Blake alerted me that tonight's Jeopardy (the TV game show) had a question that mentioned Firefox so I TiVo'd it (actually, my wife did) and thought I'd share it with you all.
The "answer" (for those of you who don't know, on this game show, the host gives the answers and the contestants have to give the question) was "I'm now using the Firefox web browser that got its start from this Time Warner company's Netscape division." None of the contestants had the question. The correct response would have been "What is AOL?"
Yes, it's trivia. But, it's mainstream trivia, and Jeopardy probably has quite a large audience of somewhat smarter than average viewers so it's good publicity and shows that we're definitely entering the mainstream.
Posted by asa at May 18, 2005 07:14 PMAnyone got the video clip?
Posted by: Robert Accettura on May 18, 2005 07:42 PMNice! Believe it or not, the answer and question are correct.
Firefox first started as Phoenix 0.1 on September 23, 2002 by Mozilla developers who was working for AOL's Netscape division at that time. AOL shut down the division on July 15, 2003 which led to the Mozilla Foundation today.
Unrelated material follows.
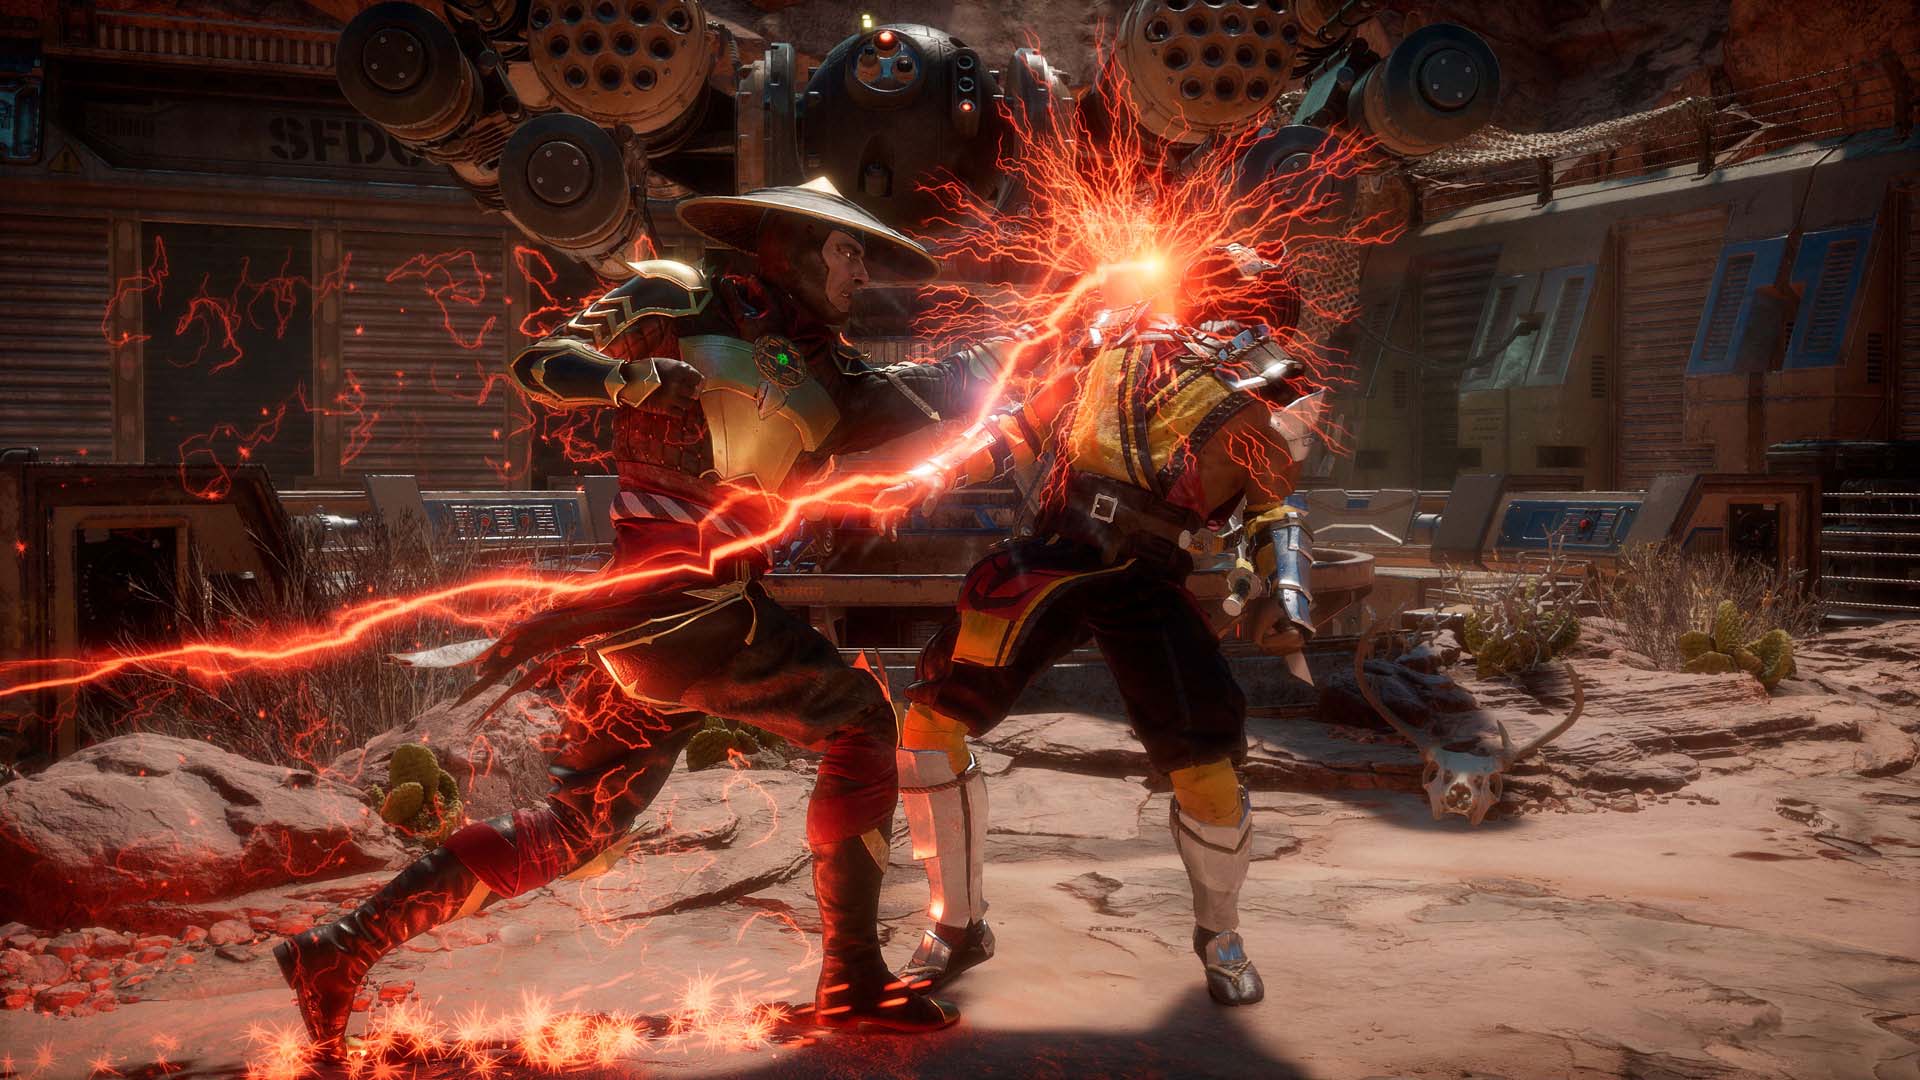 New Update for Mortal Kombat 11 Reduces Towers of Time Difficulty, Gives Away In-Game Currency
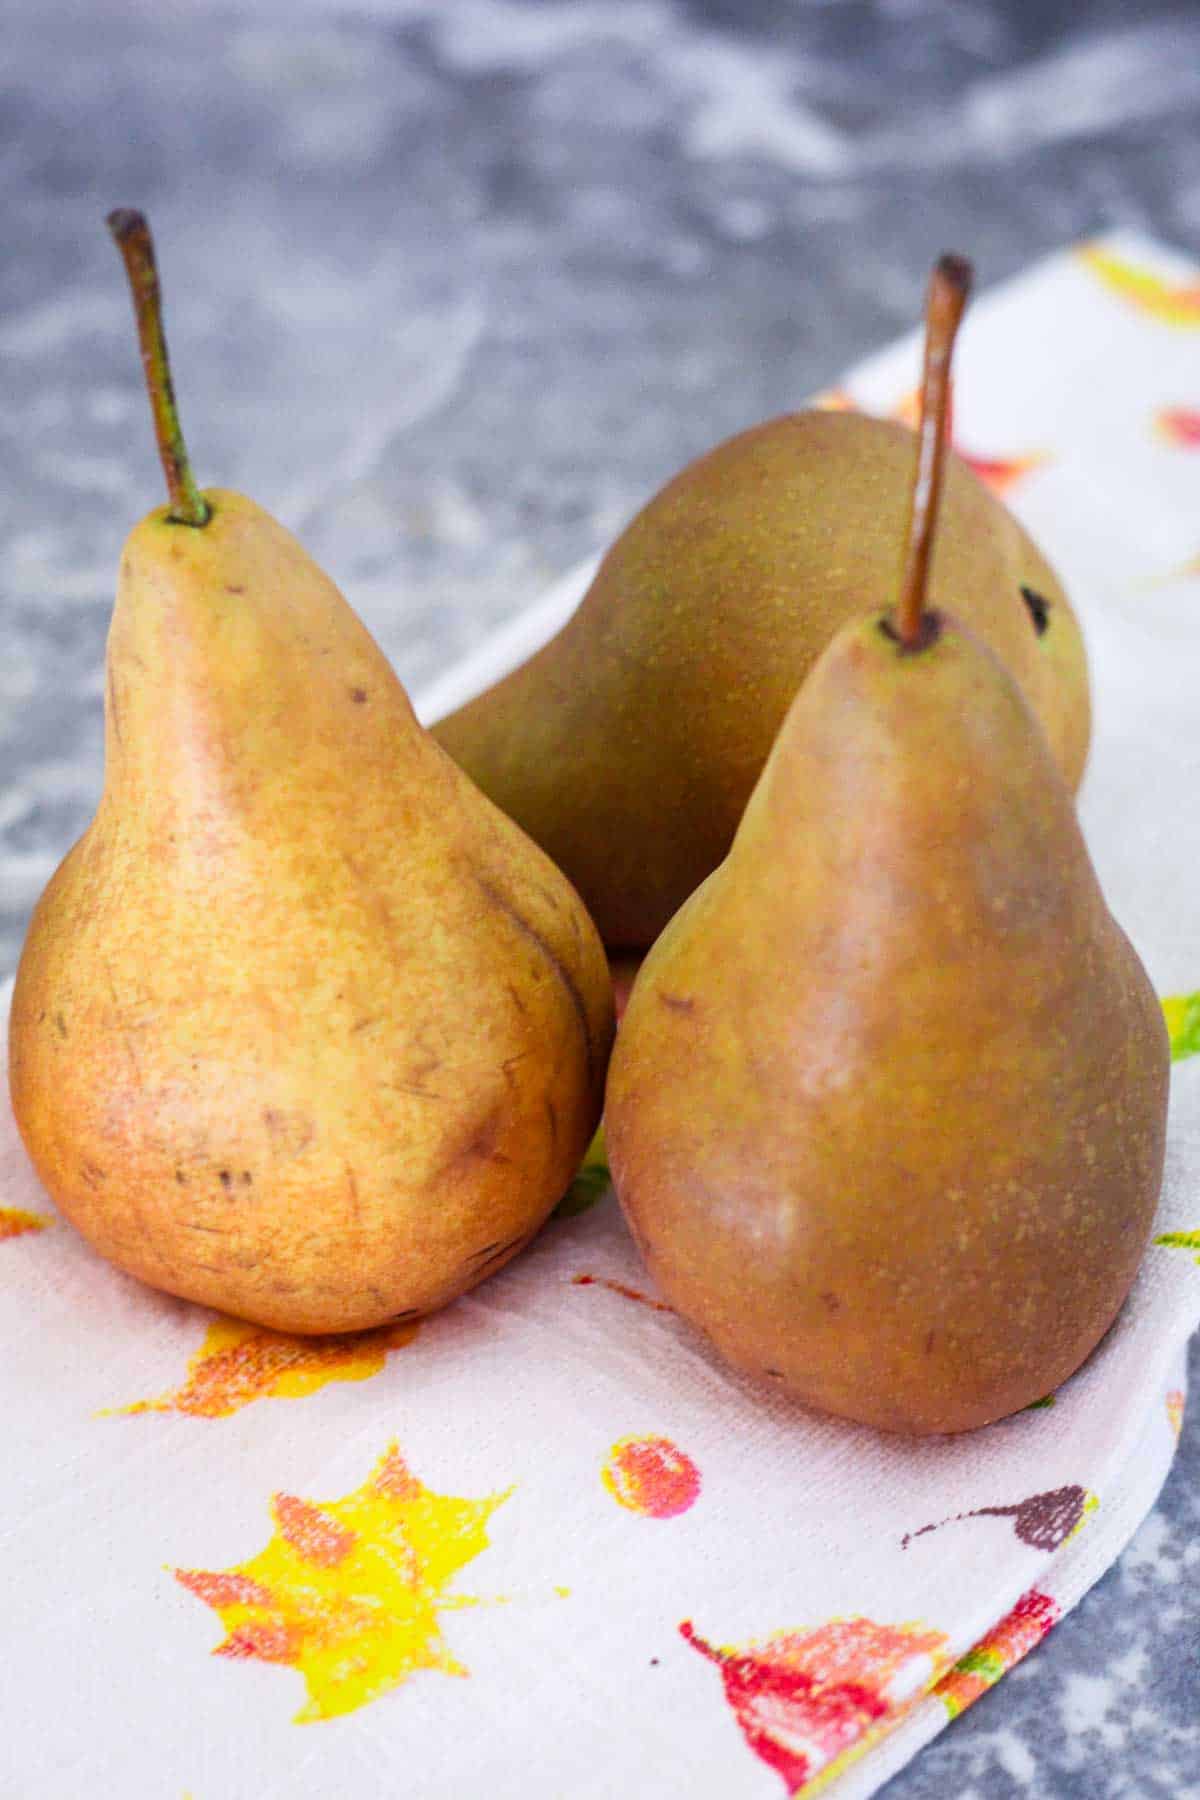 Bosc pears on a counter with a kitchen towel.

The name Firefox wasn't used until 0.8 version, but basically Firefox is the same Phoenix browser but better.
Posted by: GamingFox on May 18, 2005 07:55 PMGamingFox, not quite correct there.
We were calling it "m/b" well before we started using "Phoenix" as the name. The name m/b was short for mozilla/browser, the CVS directory where it began.
- A
Posted by: Asa Dotzler on May 18, 2005 08:30 PMWhat was the name of the category?
Posted by: David Naylor on May 18, 2005 11:27 PMApparently the category was "My PC Life".
What's a PC? For that matter, what's a Life? ;-)
Umm, that would definitely not be my answer to the question "What is AOL?"
Heh.
Posted by: Simon on May 19, 2005 12:56 AMIs American English really so different that "What is AOL?" can be answered by "I'm now using the Firefox web browser that got its start from this Time Warner company's Netscape division"?
Posted by: Andrew Smith on May 19, 2005 02:01 AM"Is American English really so different..."
Jeopardy questions/answers have increasingly required divergent thinking as of late. The quiz writers are clearly geeks, so it's no surprise that they'd drop the F-bomb by now. In contrast, the chances of the name passing the lips of Pat Sajak are infinitesimal, forever.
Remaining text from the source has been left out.